From here it is simple to invert the transformation to get the final result, which is that the probability of team i beating team j is just a logistic regression on $b_i-b_j$.

$P(i \text{ beats } j) = \text{ logit}(b_i - b_j)$

### 2. Pythagorean Expectation

Let’s consider the case of making an alternative substitution of $\lambda_i = e^{\gamma\ln{c_i}} = c_i^\gamma$. This roughly corresponds in a physical sense to the idea that the skill of a player is best represented by some other underlying measure c.

$P(i \text{ beats } j) = \cfrac{\lambda_i}{\lambda_i + \lambda_j}$

$P(i \text{ beats } j) = \cfrac{c_i^\gamma}{c_i^\gamma + c_j^\gamma}$

At this point it is clear that we have come across this formula before. If we let $c_i$ be runs scored by team i and $c_j$ be runs scored by team j (which is the same as runs conceded by team i), we have obtained the classic Pythagorean win probability for a single game. It also fits into the logistic regression model if we change $\text{ logit}(b_i-b_j)$ to $\text{ logit}\gamma(b_i-b_j)$!

Alternatively if we took a slightly more general substitution of $\lambda_i = e^{\gamma_i\ln{c_i}} = c_i^{\gamma_i}$ we end up with the two exponent form of Pythagorean expectation. We previously saw this back in the form of the Pythagorean exponent I used for Premier League football.

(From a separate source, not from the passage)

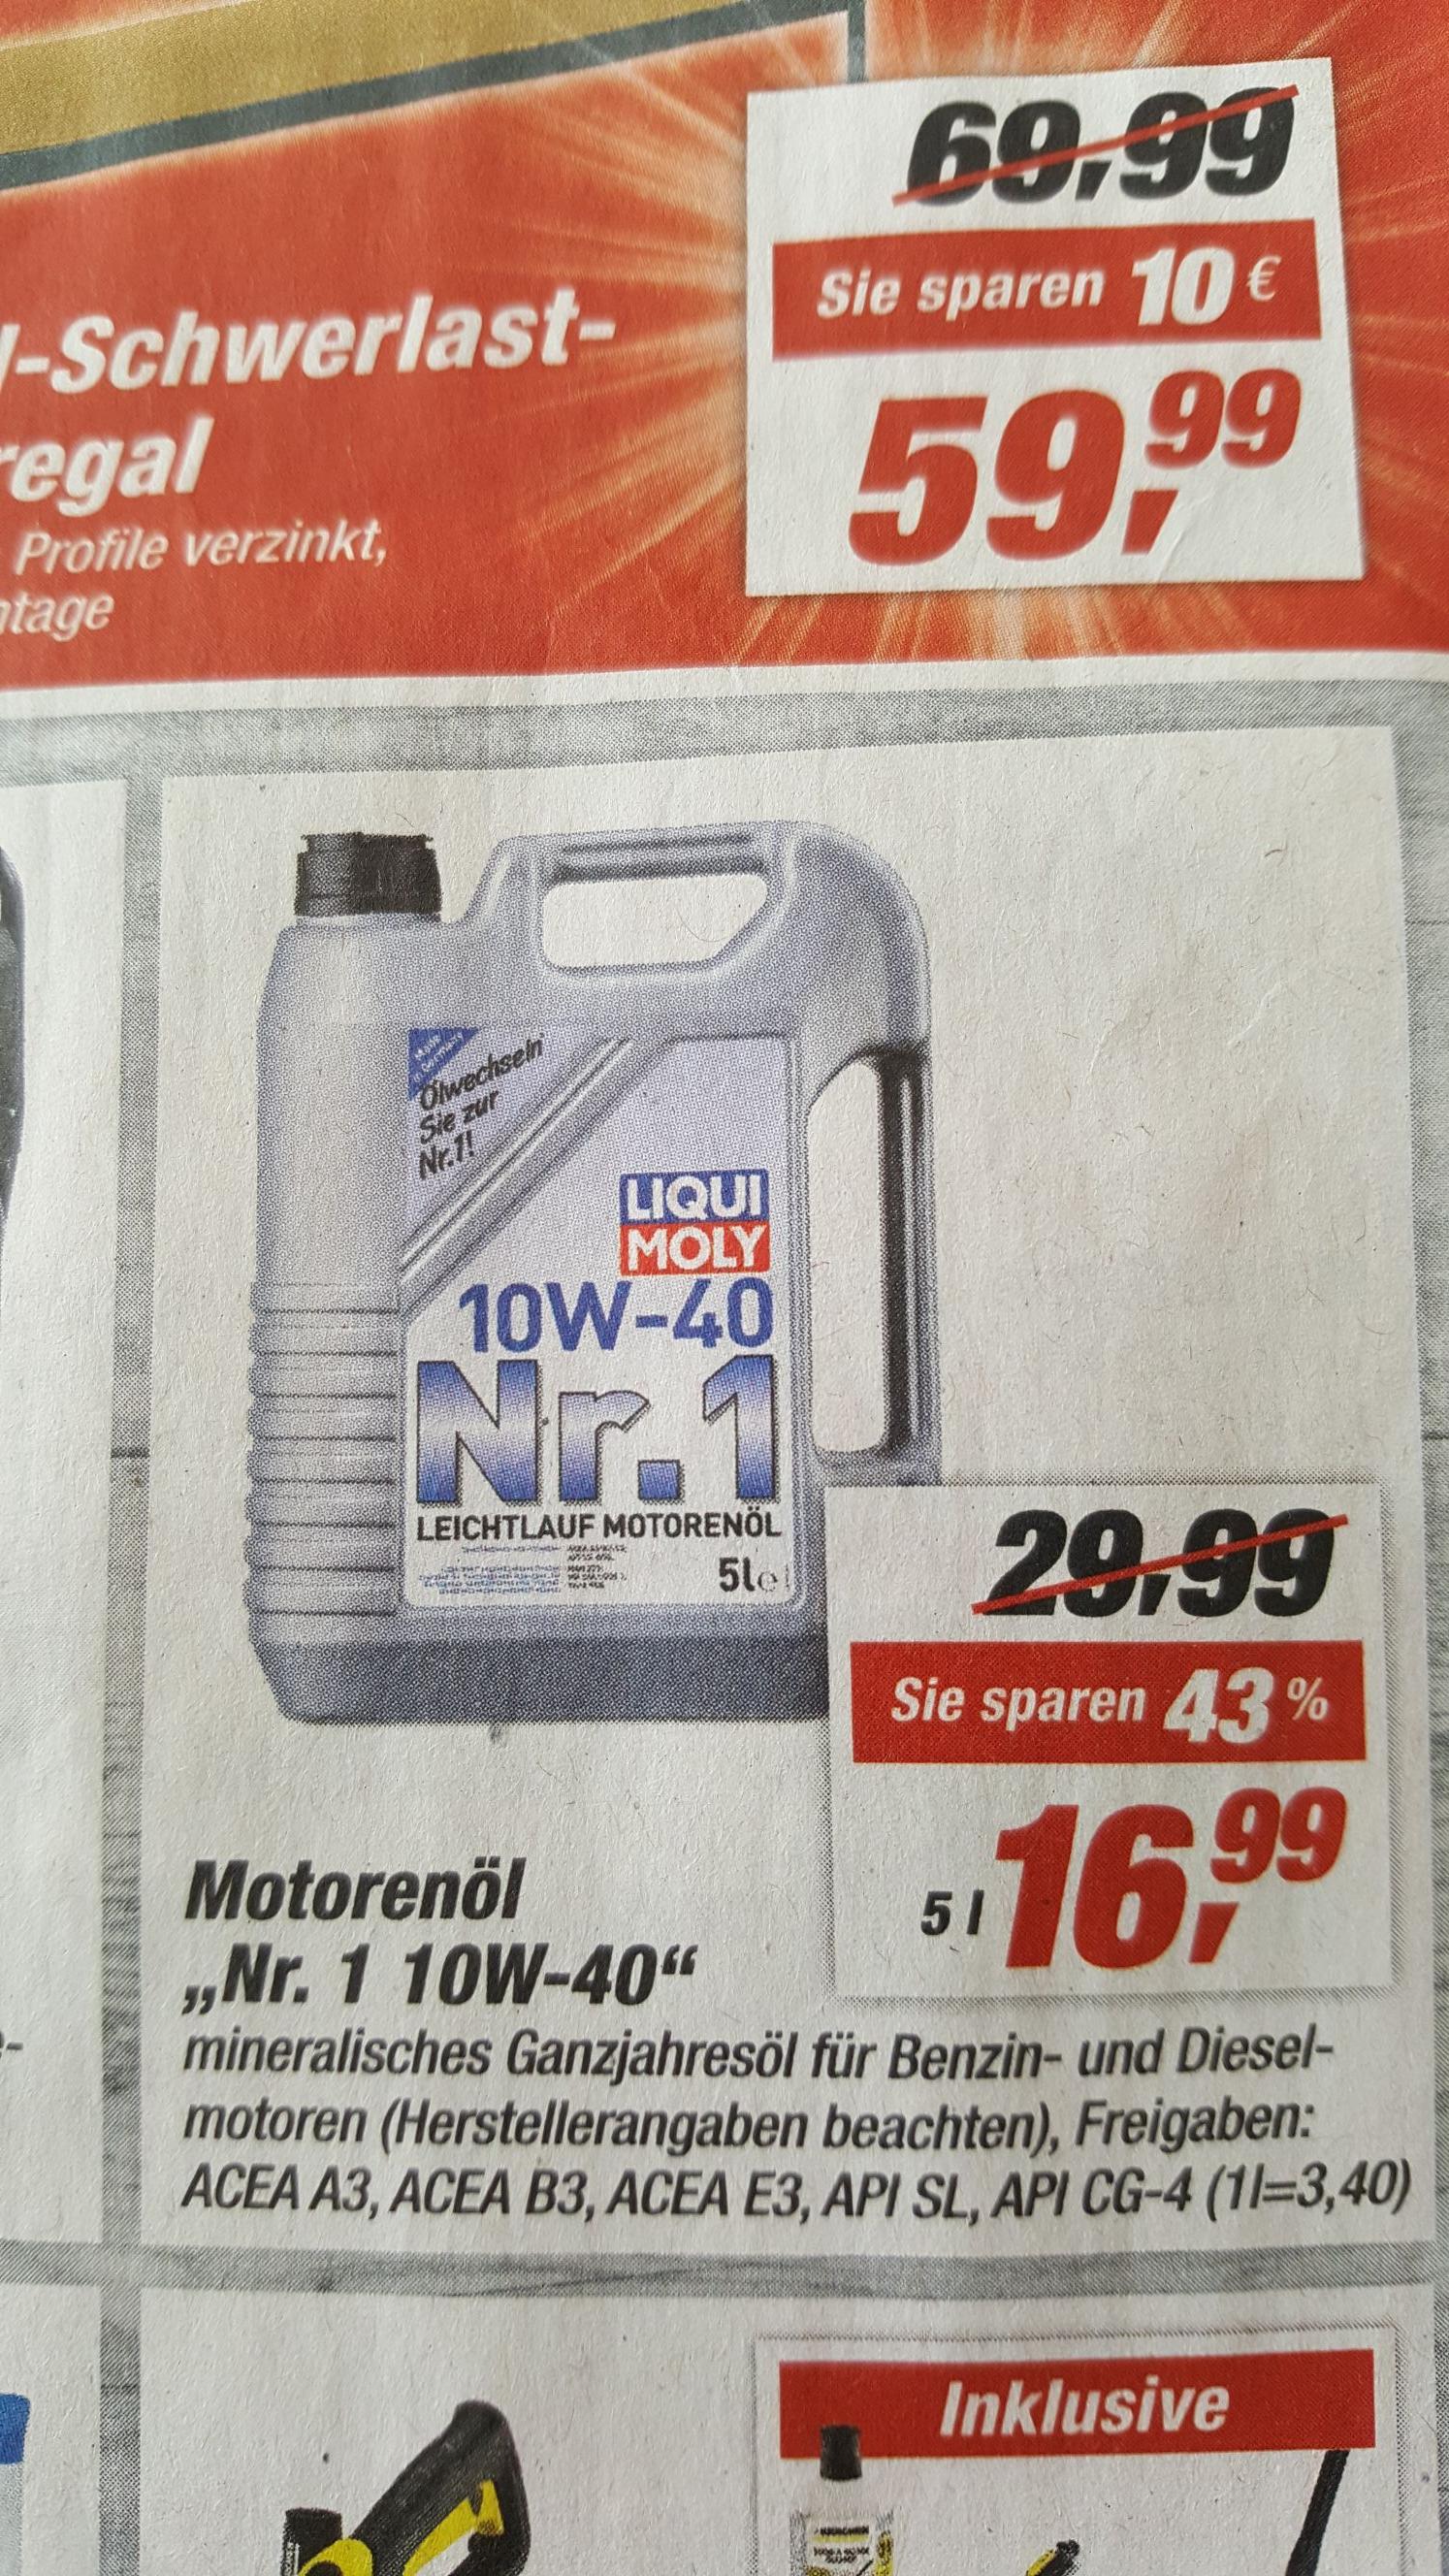 [Offline/Lokal - toom Baumarkt] LIQUI MOLY Nr.1 10W-40 5 Liter Leichtlauf Ganzjahres Benzin- & Diesel-Motorenöl

$P(i \text{ beats } j) = \cfrac{\lambda_i}{\lambda_i + \lambda_j}$

$P(i \text{ beats } j) = \cfrac{c_i^{\gamma_i}}{c_i^{\gamma_i} + c_j^{\gamma_j}}$

Clearly there is more to the idea of Pythagorean wins than just a magic formula that seems to work! In fact it can be derived not just from a basic Bradley-Terry model but from another idea: that the scoring of runs or points is described by a Weibull distribution.

### 3. ELO Ratings

ELO ratings are now a well-known method of comparing players and teams performance with their competitors over a period of time. The principle is that each person has their own rating which is affected by the games played by that person against other players. The basic idea is that the bigger the difference between two ranked players, the more likely the higher ranked player is to win.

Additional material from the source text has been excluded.